私が注文だけと言う言葉に戸惑っているとおじさんが
「大丈夫だよ蜜ちゃん、コロッケなら大量に揚げてるから。注文以外でも裏から買いに来る人用のがあるんだ(笑)ここ数年何故か台風たとコロッケが売れるんだよねー」
咥えた買い物籠さんからフォログラムで床に文字が出る。
『コロッケを10個と高級サーロインステーキ肉を200グラムと牛脂をお願いします』
それを見たおじさんがニヤリと笑いながら
「おっ?差し詰め、黒蜜おばばにはコロッケで、この台風の中に買い物に来た蜜ちゃん用にサーロインかい?」
私は、コクコクと頷いた。
お金を払って店を出ると物凄い風雨。
飛ばされるー!
と脚を踏んでいると急に風雨が収まり晴れ間が!
『蜜ちゃん、コレは台風の目の中よきっと』
咥えた買い物籠さんからの言葉が伝わる。
ふと見ると目の前に子供が。
「私ハビギス、素早いって言うんだ。美味しそうな匂いがそこからする」
と咥えた買い物籠を指差す。
台風の中、こんな子供が外に出てて大丈夫かしら?
私は買い物籠を置き籠の中を覗き込む。
あっ!お肉屋さんのおじさんおまけで揚げたてメンチカツを一個入れて置いてくれてたわ。

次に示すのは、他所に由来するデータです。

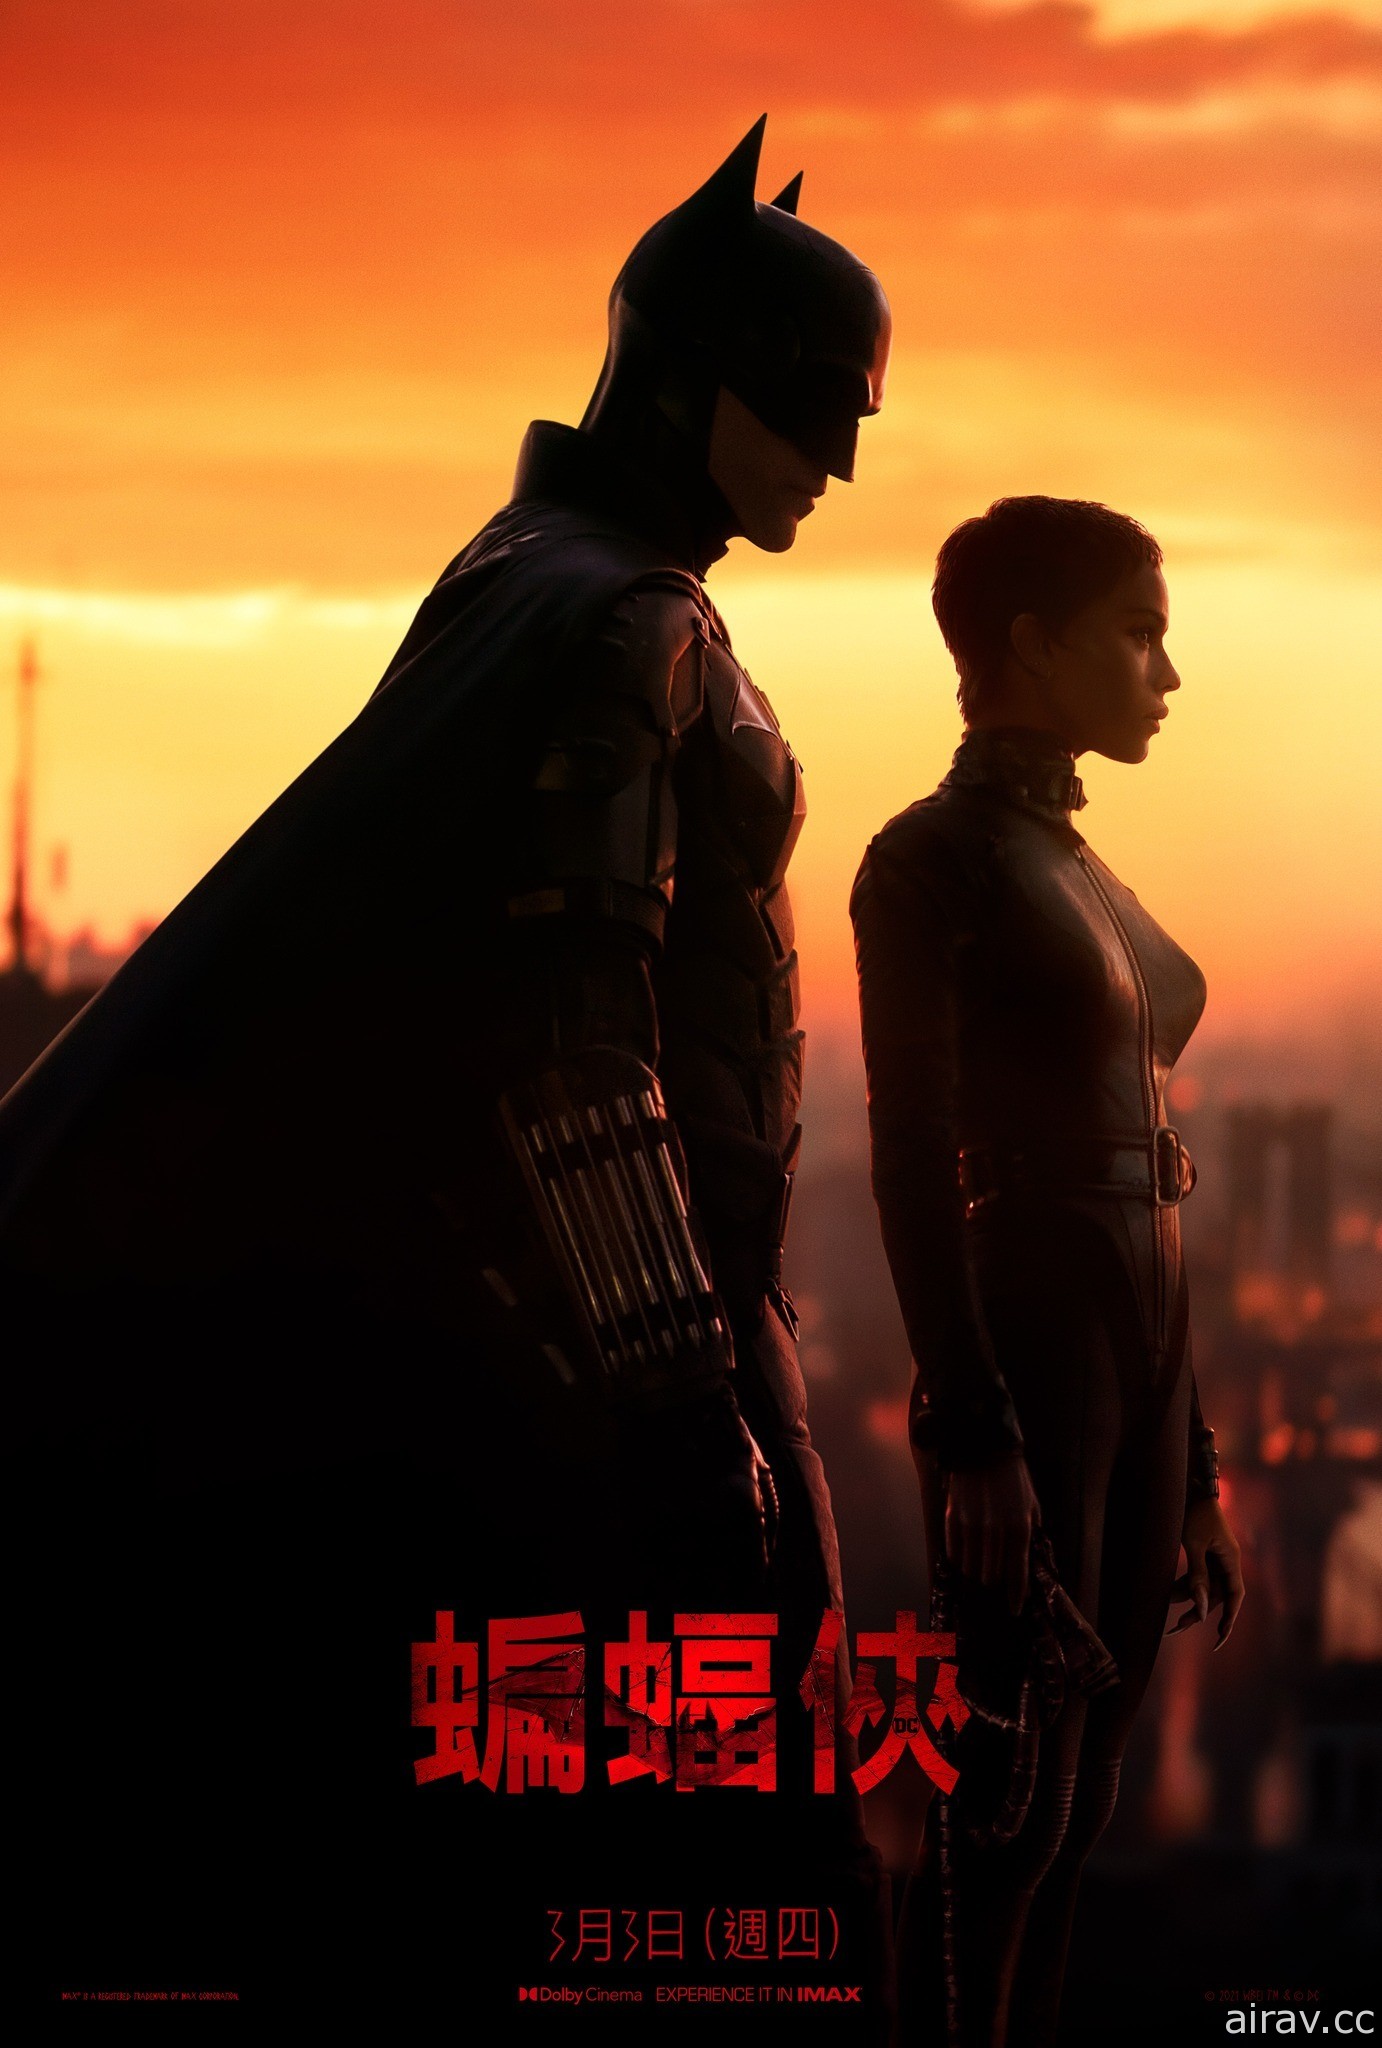 羅伯派汀森《蝙蝠俠》公開最新預告與電影海報

熱いので、蓋の空いた袋に入ったメンチカツを子供に渡す。
「貰って良いの?美味しそう、良い匂い」
メンチカツを受け取ったハビギス、早速メンチカツに噛り付く。
ハフハフと食べ終えたハビギス
「美味しい物をありがとう。もう行かなきゃ。素早いって言う名前の意味だからね」
と空を見上げる。
ビューッと強風が吹きハビギスが目の前からかき消えた。
後日、まとめて届けられた新聞を見ると、神奈川県を通り過ぎた辺りの台風の形がメンチカツに良く似てる様な気が・・・。